APT – Front

Good Morning,

Our fundamental takeaway was of a bullish bent off of cold weather. Let us look to see if Ms. Market has placed any ducks on the pond that we can shoot.

She (Ms. Market) hates the March MidC LL; she must be reading last year’s playbook when the hub realized record inflows driven off of record low-level snow that all melted in a few weeks. We disagree with her read, we love the March given that very little USA flood control will be implemented then, the current precip outlook is dry, and we are heading into some cold weather. Sure, loads have been weak, but that is changing. We like to buy cheap; this is cheap, we are buying.

This isn’t cheap, the SP-MidC Feb onpeak; it is now back to a contract high, probably off of that relentless Feb Socal Citygate contract that refuses to accept the reality that  SCG’s gas problems are fixed. Sure, there is some cold weather heading towards LA, but storage is well above last year and that most likely will be the basin’s final winter hurrah.

This is cheap, too; the May MidC offpeak, now back to a contract low. But wait, didn’t COE draft Coulee to the 1240s last week? And doesn’t that mean May has refill bullets? Yes and yes; if anything, the COE’s overly aggressive draft is bullish for May, not bearish.

Same is true for June, but now the spread to SP is back to a contract high, and we’d be inclined to short given the SCG gas issues are now relegated to the history books.

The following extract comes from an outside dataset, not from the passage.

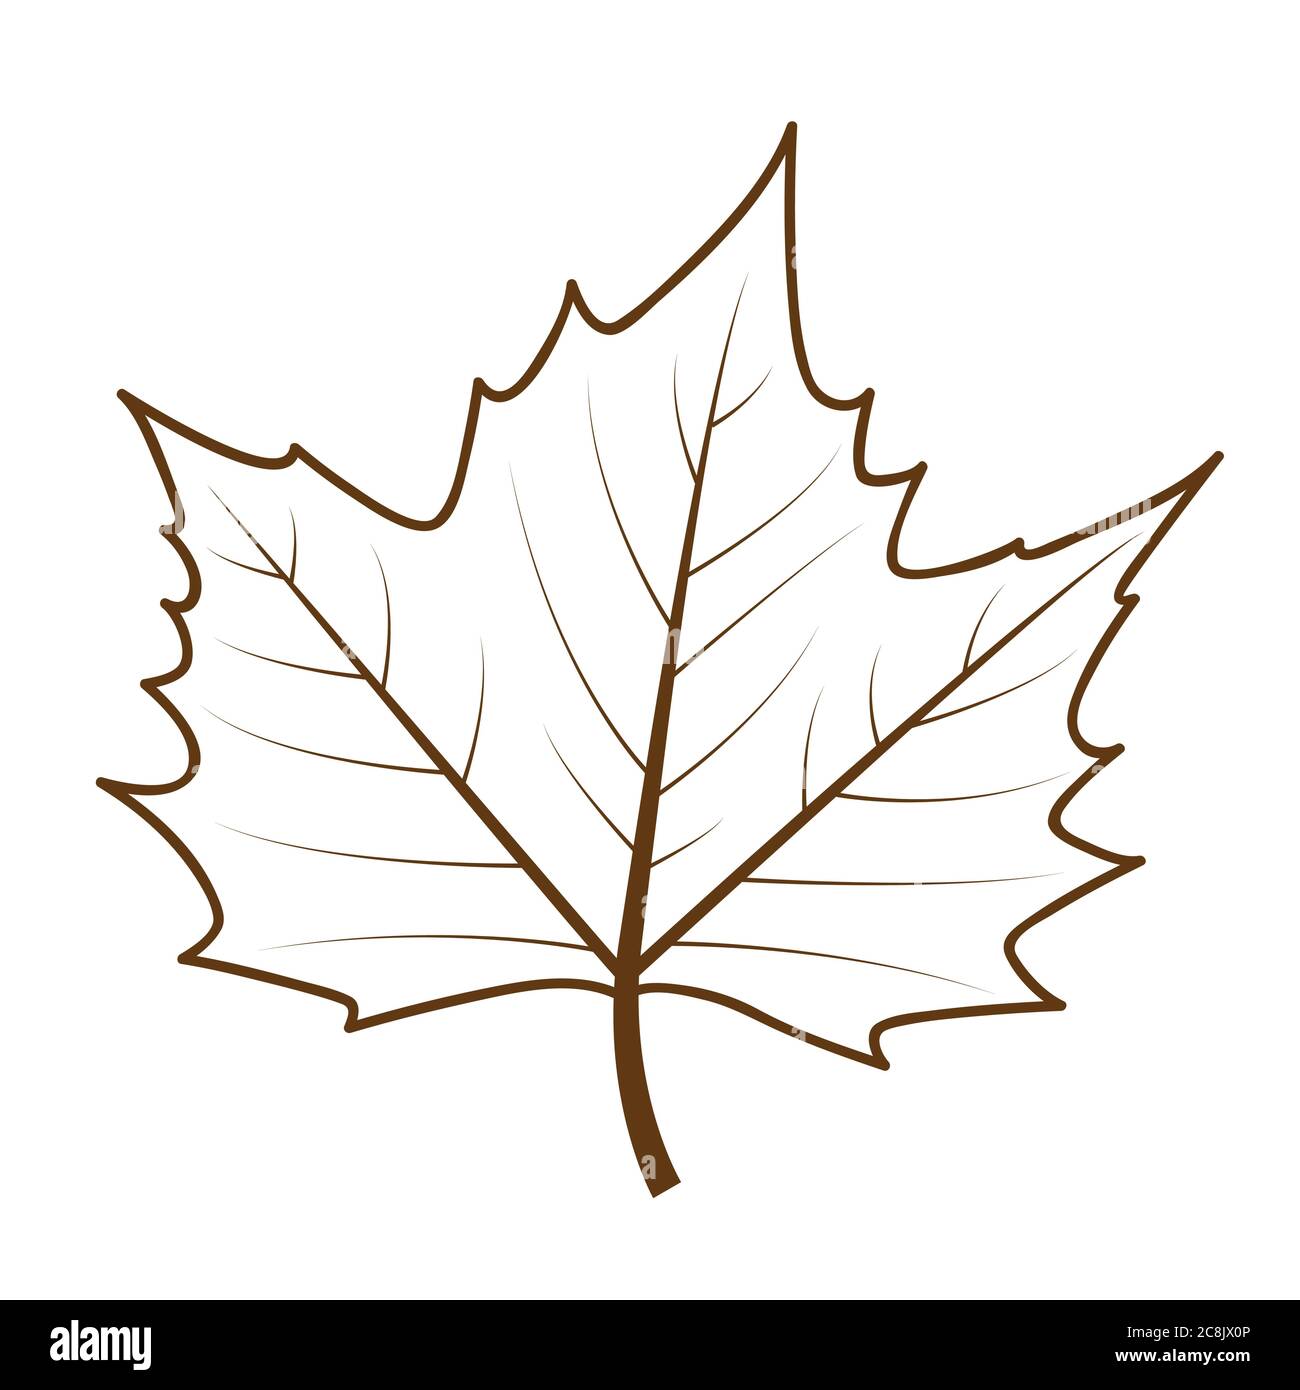 leaf outline drawing

Intra-California spread bounced off of contract lows and remains cheap. If the state were sitting on last year’s water we’d concur; it’s not, the 2018 water year will be one of the lowest on record and NP will be about 1500 aMW shorter this summer than last.

Not saying any of you can execute this, but the mark is at a contract high for the March-Feb PV LL roll. Perhaps this is outage driven, we know loads in March are higher, but Phoenix is about to enjoy its coldest days of the winter, and we’d own the front over the back

Same sentiment here, in the Mid-C prompt offpeak; it is a contract low in the face of a significant cooldown in the Northwest. We’d own it just as a lotto ticket that the forecast grows even colder.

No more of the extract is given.